Frank creyó percibir en el rostro de Nobby que, de repente, el arquitecto lo había comprendido todo: el propio Frank, poseedor de miles de objetos de la guerra aparentemente queridos, no deseaba que ese material viera nunca la luz del día. Y si bien aquélla era la verdad de la cuestión, era imposible que Nobby Debiere lo supiera. Era un tema demasiado complicado para que se diera cuenta. Para él, Frank Ouseley sólo era otro miembro decepcionado del grupo que confió en un plan que había quedado en agua de borrajas.

– Supongo que no me he recuperado de todo esto -dijo Frank-. No puedo creer… Tiene que haber alguna explicación.

– Acabo de dártela. Ojalá Guy estuviera aquí para poder disfrutar del resultado de sus maquinaciones. Mira, deja que te lo enseñe. -Nobby se dirigió a un rincón de la encimera, donde parecía que la familia guardaba el correo del día. A diferencia del resto de la casa, era una zona desordenada, con fajos de cartas, revistas, catálogos y listines telefónicos amontonados todos juntos. De debajo de este montón, Nobby sacó un papel y se lo entregó.

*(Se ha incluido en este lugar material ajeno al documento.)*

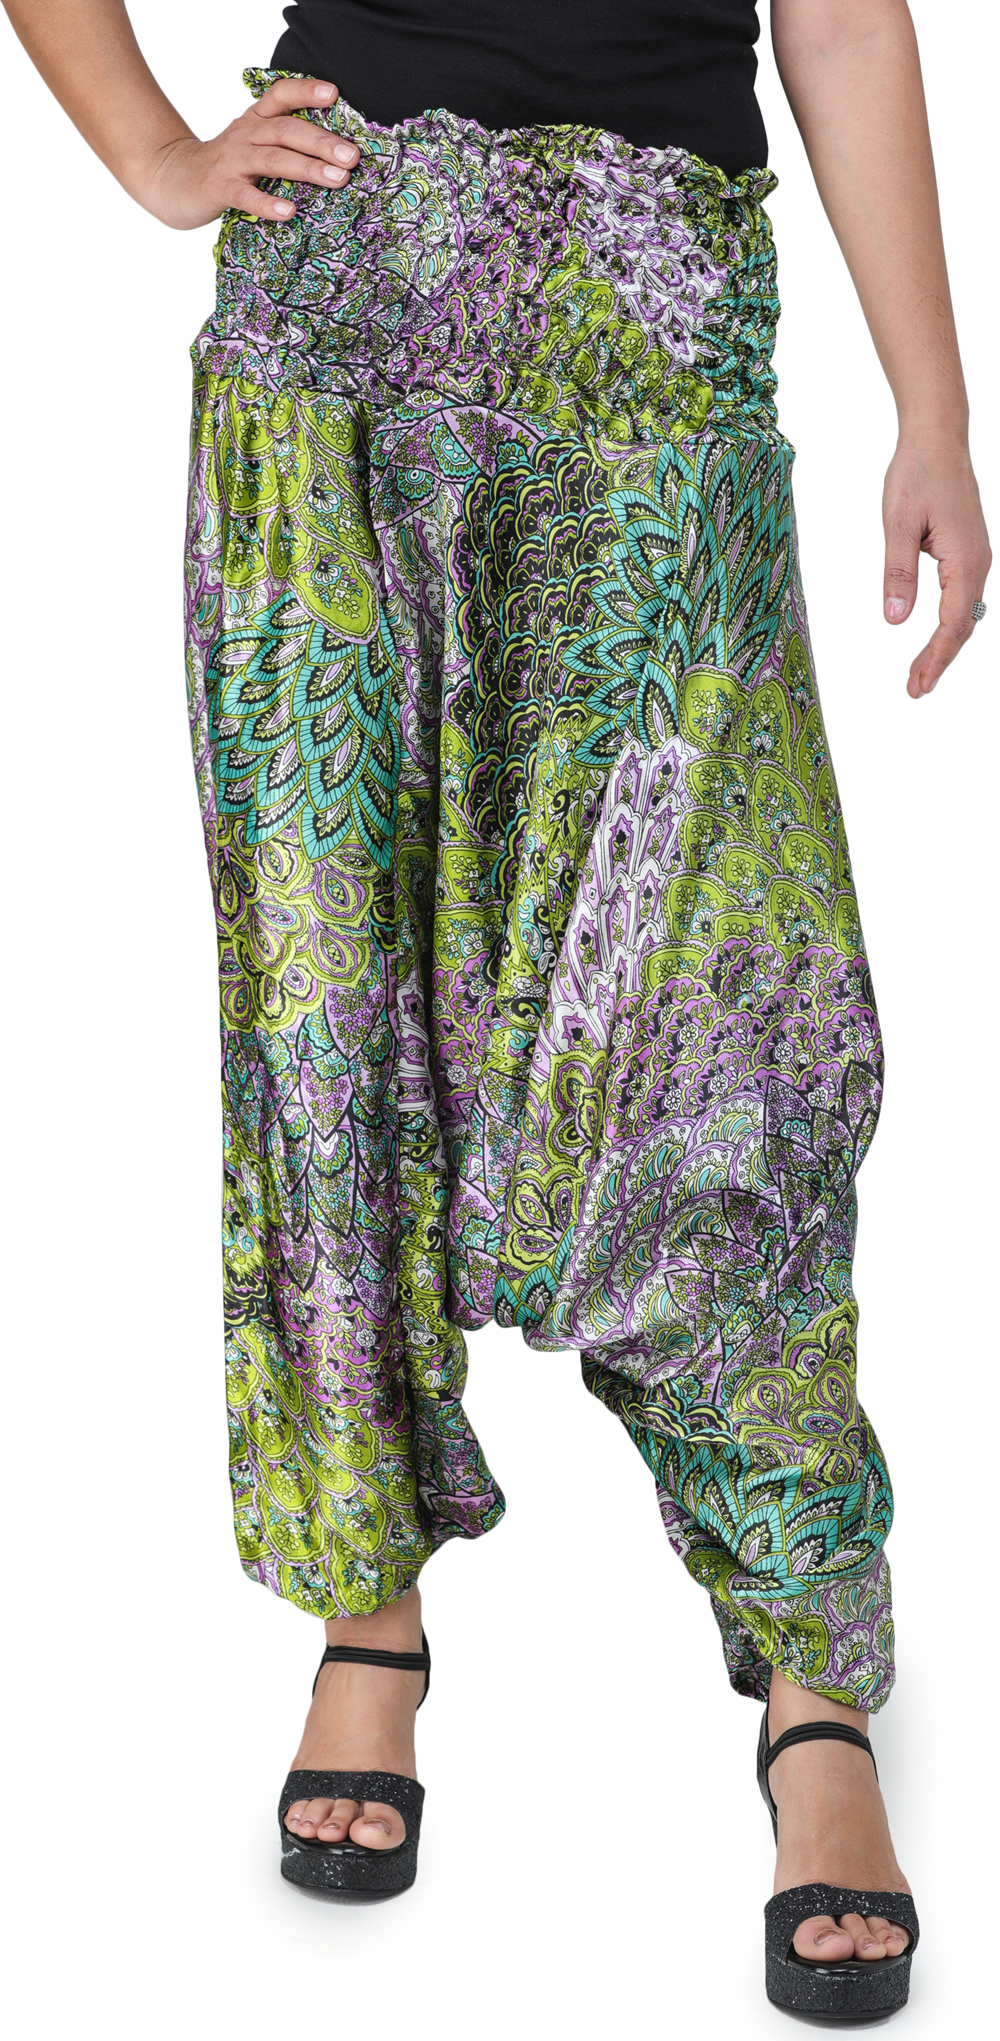 Exotic India Printed Satin Harem Trousers - Color Purple Green at Amazon  Women's Clothing store

Frank vio que era el texto y las ilustraciones para un anuncio. En ella, un Nobby Debiere dibujado estaba junto a una mesa de delineante en la que descansaba una especie de boceto. Alrededor de sus pies había pergaminos desenrollados en los que aparecían otros bocetos. La copia presentaba la nueva empresa como Arreglos, Reformas y Restauraciones Bertrand Debiere, y la dirección del local estaba justo allí, en Ford Road.

– He tenido que despedir a mi secretaria, naturalmente -dijo Nobby con una alegría forzada que helaba la sangre-. Así que ella también se ha quedado sin trabajo, lo que le habría encantado a Guy si hubiera vivido para verlo.

– Nobby…

– Y trabajaré desde casa, como ves, lo cual es magnífico, naturalmente, puesto que Caroline probablemente pasará la mayor parte del tiempo en la ciudad. Quemé las naves con la empresa cuando dimití, pero no hay duda de que con el tiempo podré entrar en otra si no me hacen el vacío. Sí, ¿verdad que es maravilloso ver cómo ha acabado todo? -Le quitó a Frank el anuncio y lo metió arrugado debajo del listín telefónico.

– Siento -dijo Frank- que las cosas hayan acabado así…

– Es lo mejor, sin duda -dijo Nobby-, para alguien.